What accounts for the survival of the best is precisely the competitive process of markets for art. Comparing the entirety of contemporary artistic production with the very best of the best from past centuries is not the only error people make when evaluating markets for art. Another error common to observers from wealthy societies who visit poor societies is the confusion of the poverty of poor societies with their cultures. When wealthy visitors see people in countries that are poor-but-growing-economically using cell phones and flipping open laptops, they complain that their visit is not as “authentic” as the last one. As people become richer through market interactions made possible by increasing liberalization or globalization, such as the introduction of cell telephony, antiglobalization activists from rich countries complain that the poor are being “robbed” of their culture. But why equate culture with poverty? The Japanese went from poverty to wealth and it would be hard to argue that they are any less Japanese as a result. In fact, their greater wealth has made possible the spread of awareness of Japanese culture around the world. In India, as incomes are rising, the fashion industry is responding by turning to traditional forms of attire, such as the sari, and adapting, updating, and applying to it aesthetic criteria of beauty and form. The very small country of Iceland has managed to maintain a high literary culture and their own theater and movie industry because per capita incomes are quite high, allowing them to dedicate their wealth to perpetuating and developing their culture.

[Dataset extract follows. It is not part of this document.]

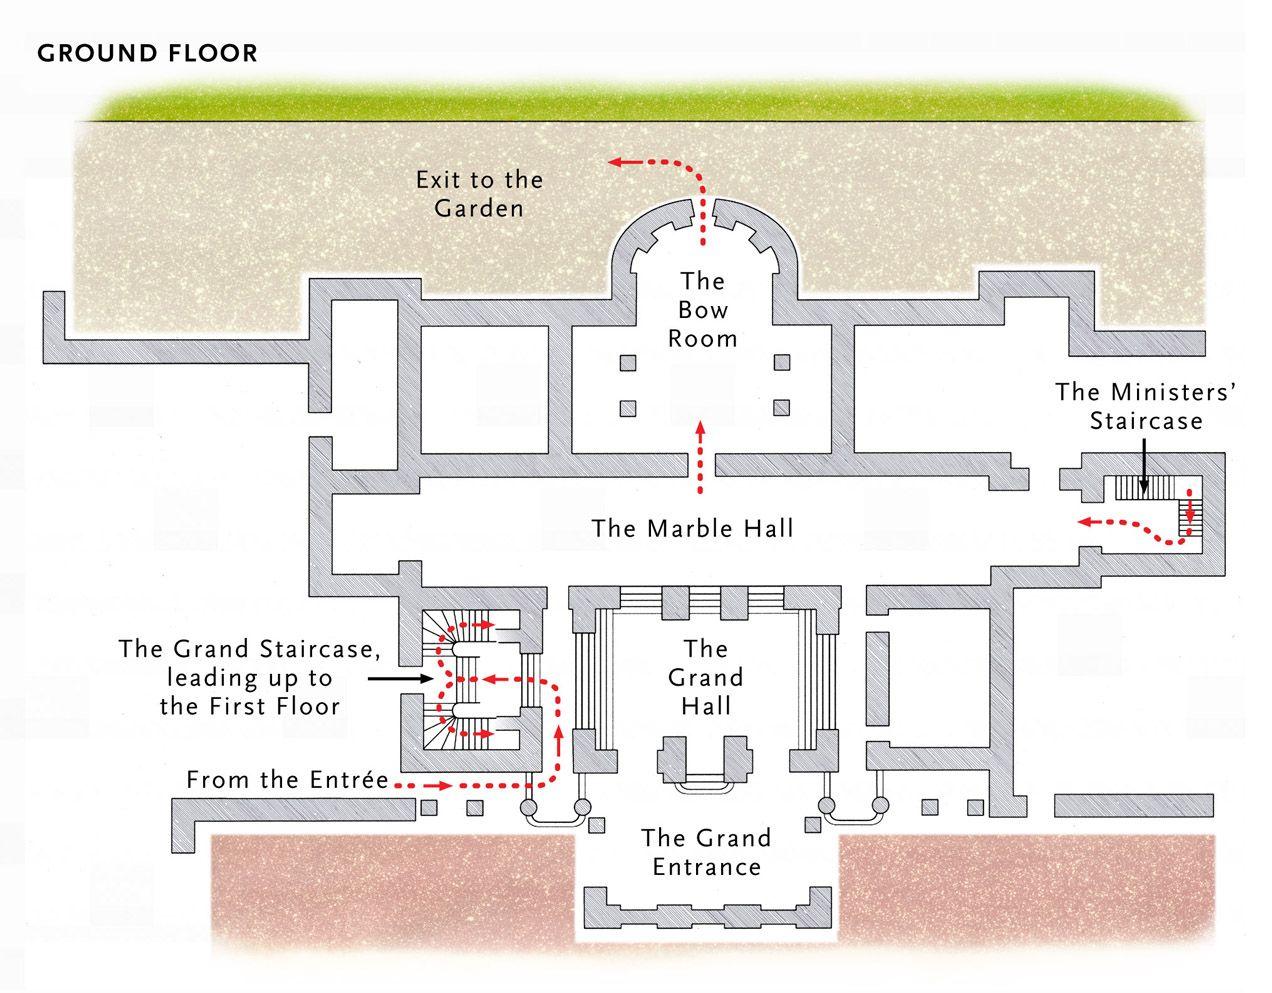 Basic Plan Of The Ground Floor At Buckingham Palace Buckingham Palace Floor Plan Buckingham Palace London Buckingham Palace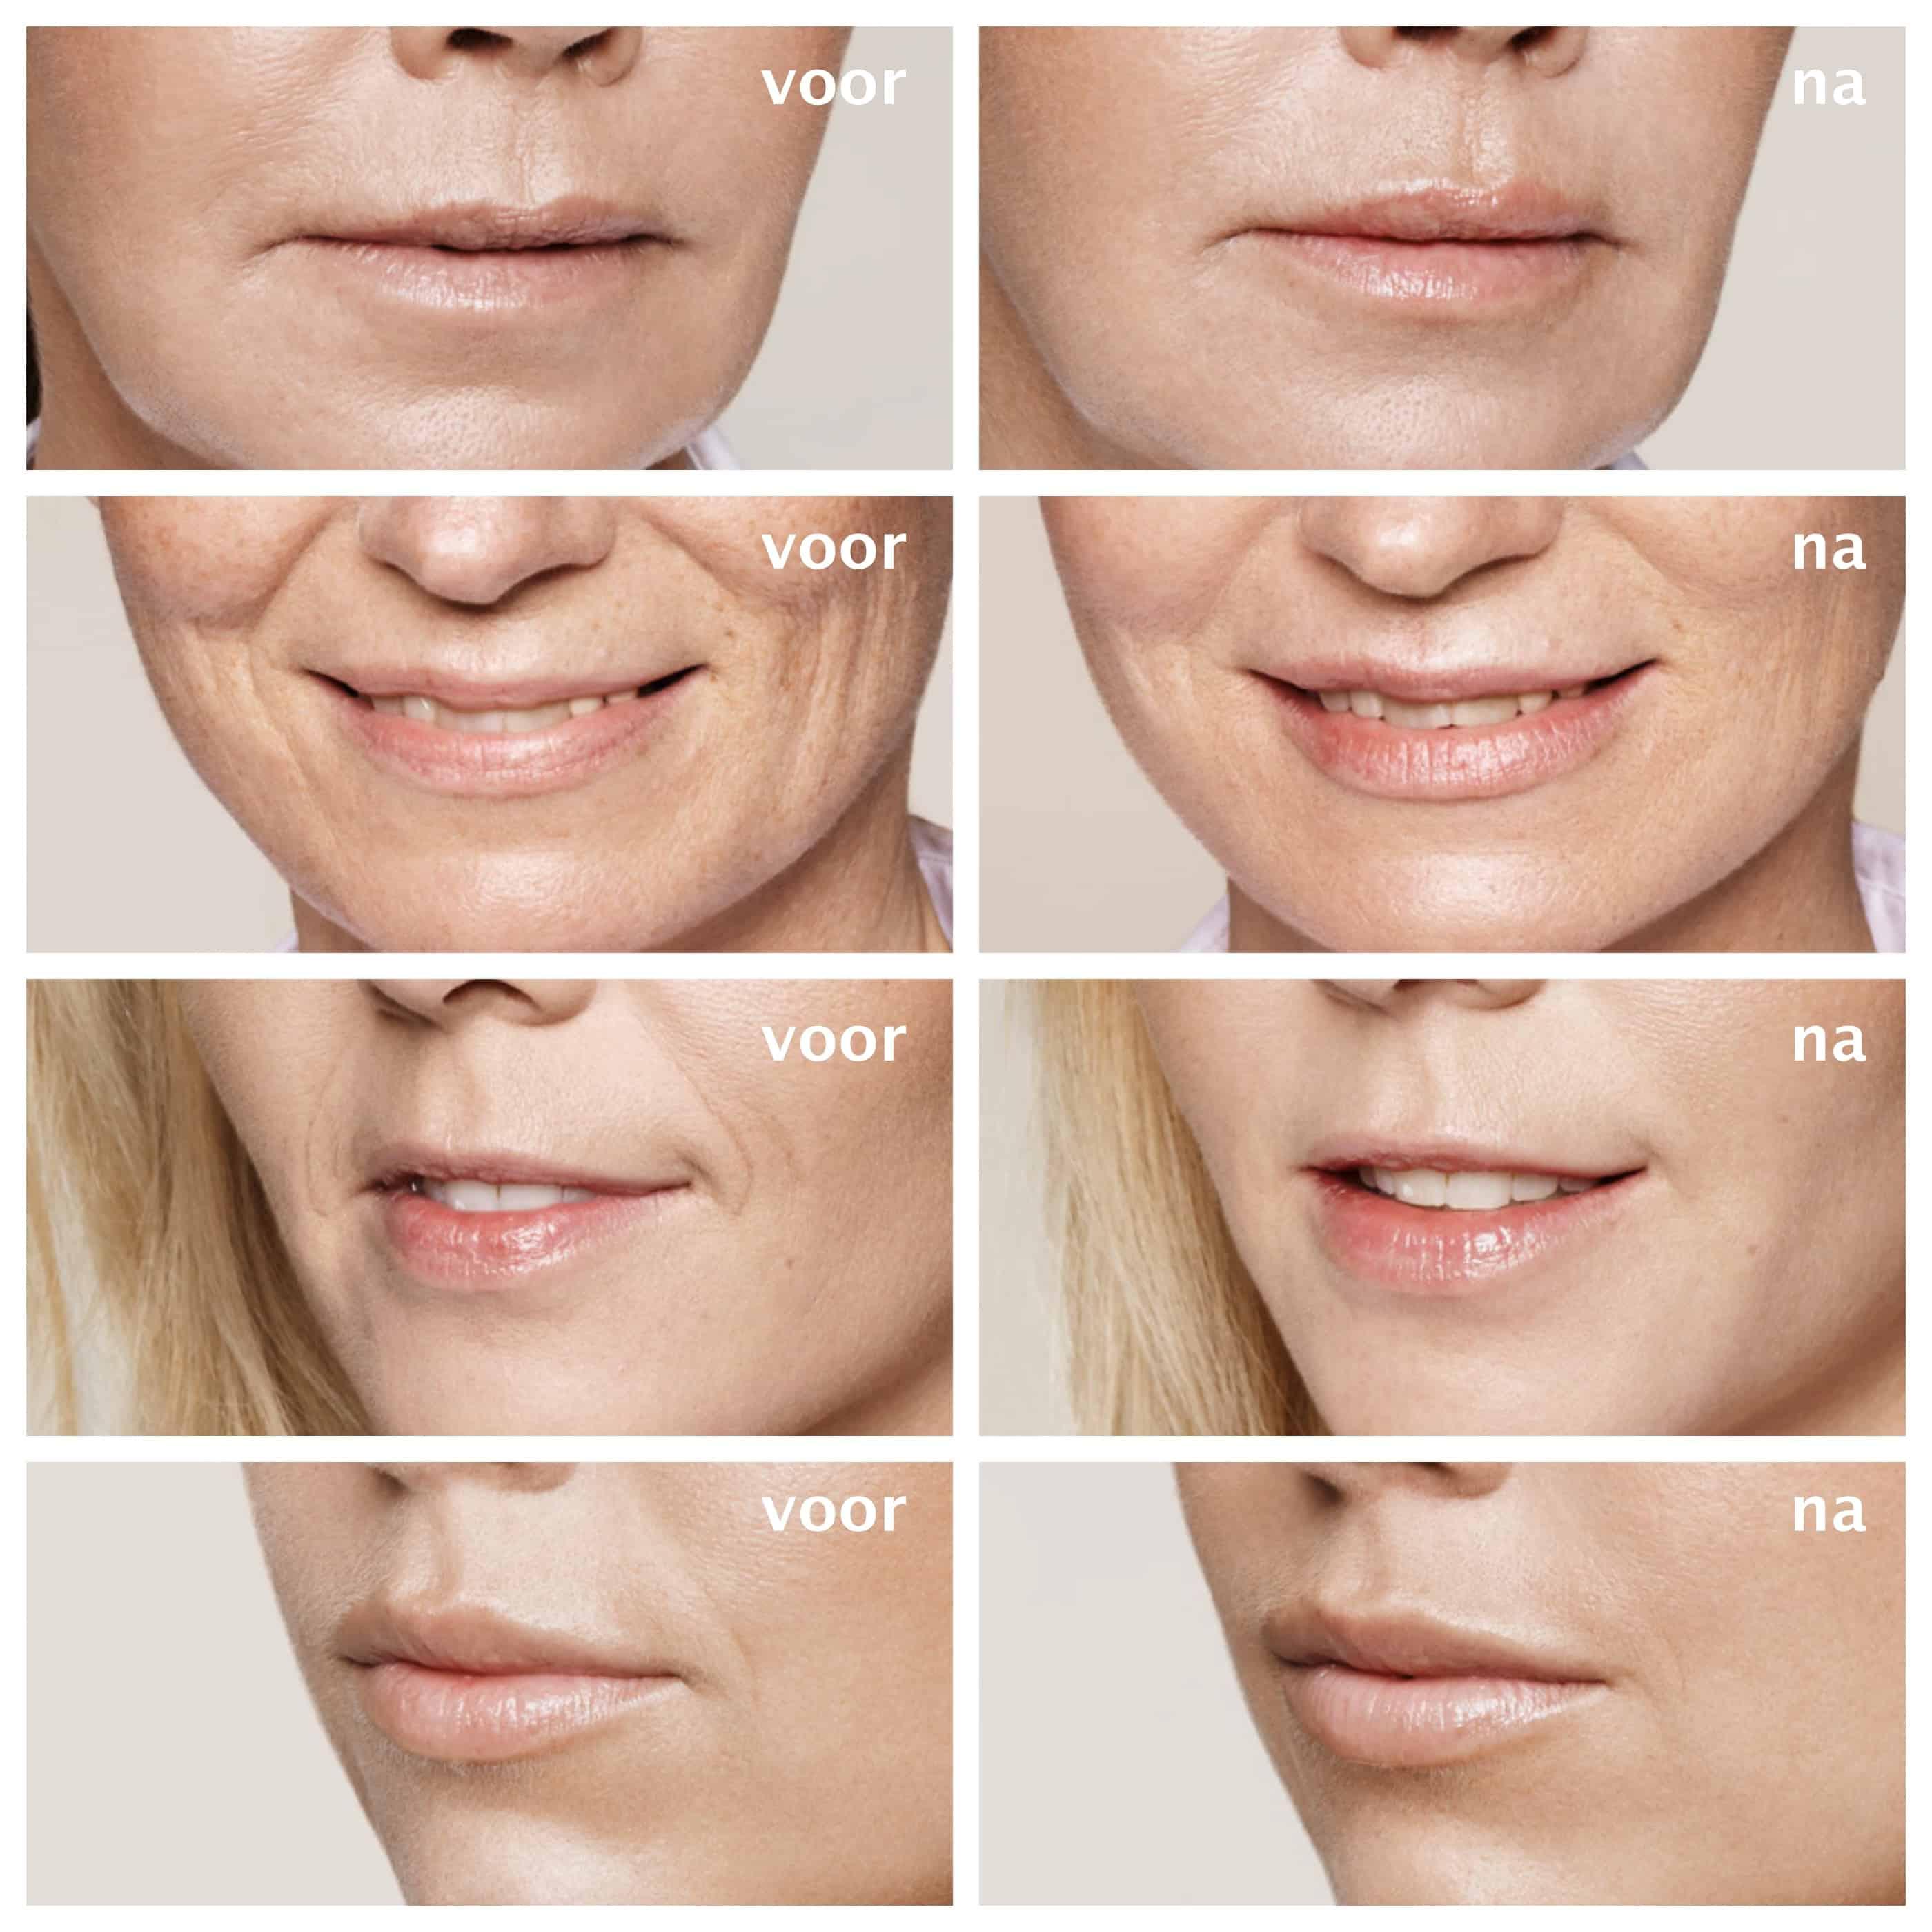 YourFace - lippen opvullen

Finally, although religious belief is not “for sale,” free societies do leave religion to the same principles — equal rights and freedom of choice — as those at the foundation of the free market. Churches, mosques, synagogues, and temples compete with each other for adherents and for support. Unsurprisingly, those European countries that provide official state support of churches tend to have very low church participation, whereas countries without state support of religion tend to have higher levels of church participation. The reason is not so hard to understand: churches that have to compete for membership and support have to provide services — sacramental, spiritual, and communal — to members, and that greater attention to the needs of the membership tends to create more religiosity and participation. Indeed, that’s why the official established state church of Sweden lobbied to be disestablished in the year 2000; as an unresponsive part of the state bureaucracy, the church was losing connection with its members and potential members and was, in effect, dying.

There is no contradiction between the market and art and culture. Market exchange is not the same as artistic experience or cultural enrichment, but it is a helpful vehicle for advancing both.